Hillary Clinton is not using ActBlue, a platform not typically associated with large-scale presidential campaigns. Nobody envisioned Sanders would be such a fundraising powerhouse when he linked his campaign to it, but his phenomenal success bringing in money through ActBlue — and recruiting new Express users for it — helped usher in a new era for the app, one that opens new fundraising opportunities to Democrats up and down the ballot.

Republican donors, by contrast, are more likely to have to start all over once the campaign ends and they want to enlist with another cause.
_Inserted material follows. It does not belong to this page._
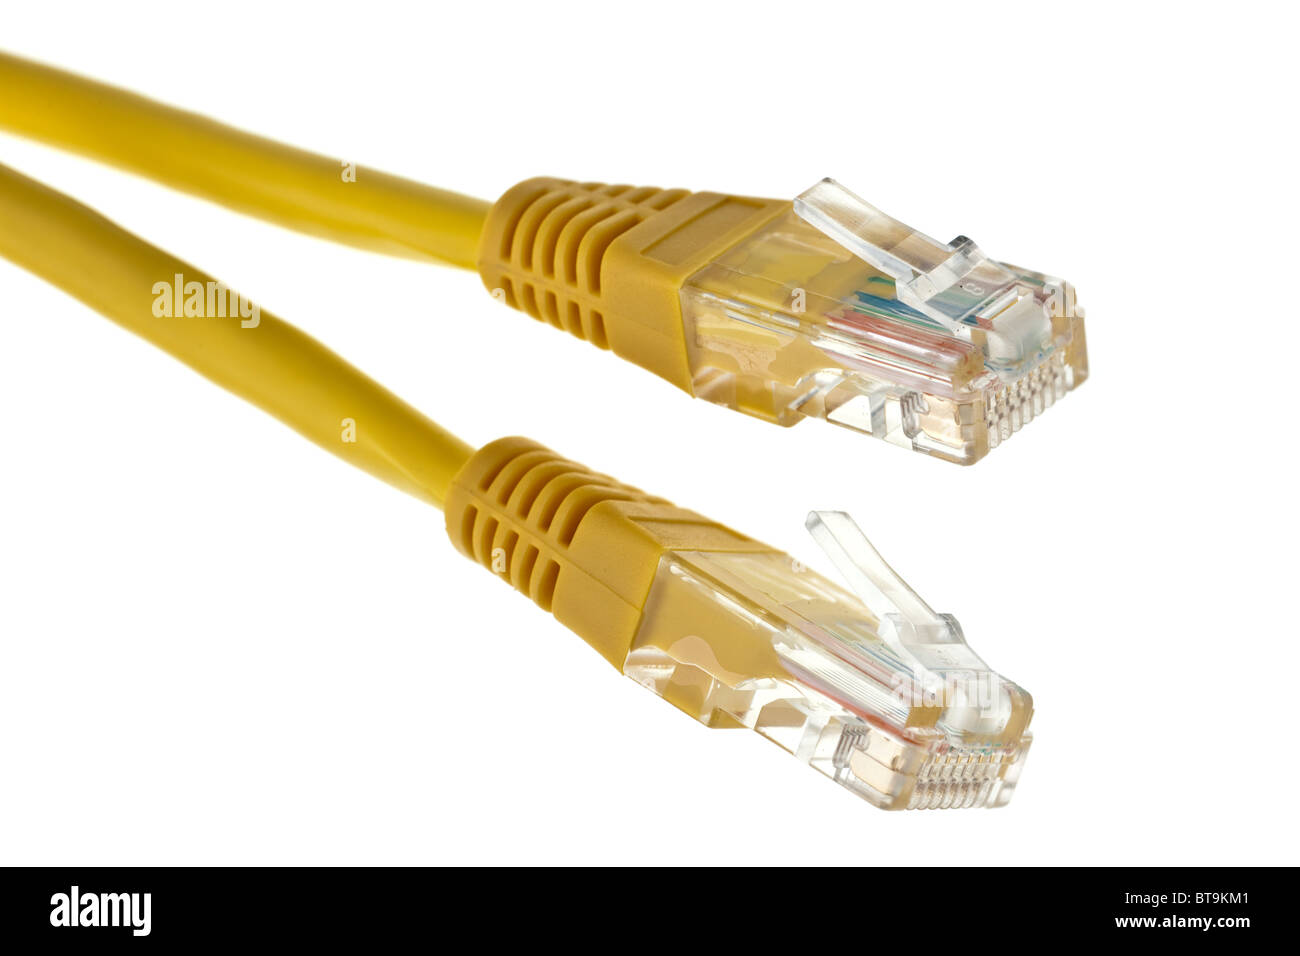 Yellow RJ45 Ethernet lan network cable lead and two connectors Stock Photo

It’s like an Uber addict visiting in a city where the only option for a short ride is competitor Lyft: They might download the app, register, and punch in all the digits of their credit card, or they might just walk.

“This is something that the Democrats have that the Republicans somehow still don’t,” said David Karpf, a professor at George Washington University and author of “The MoveOn Effect: The Unexpected Transformation of American Political Advocacy.” “It is critical infrastructure.”

Republicans have tried to replicate the technology, but conservative candidates and organizations have yet to rally around a single platform the way many Democrats have with ActBlue, leaving the efforts balkanized and fairly ineffective by comparison.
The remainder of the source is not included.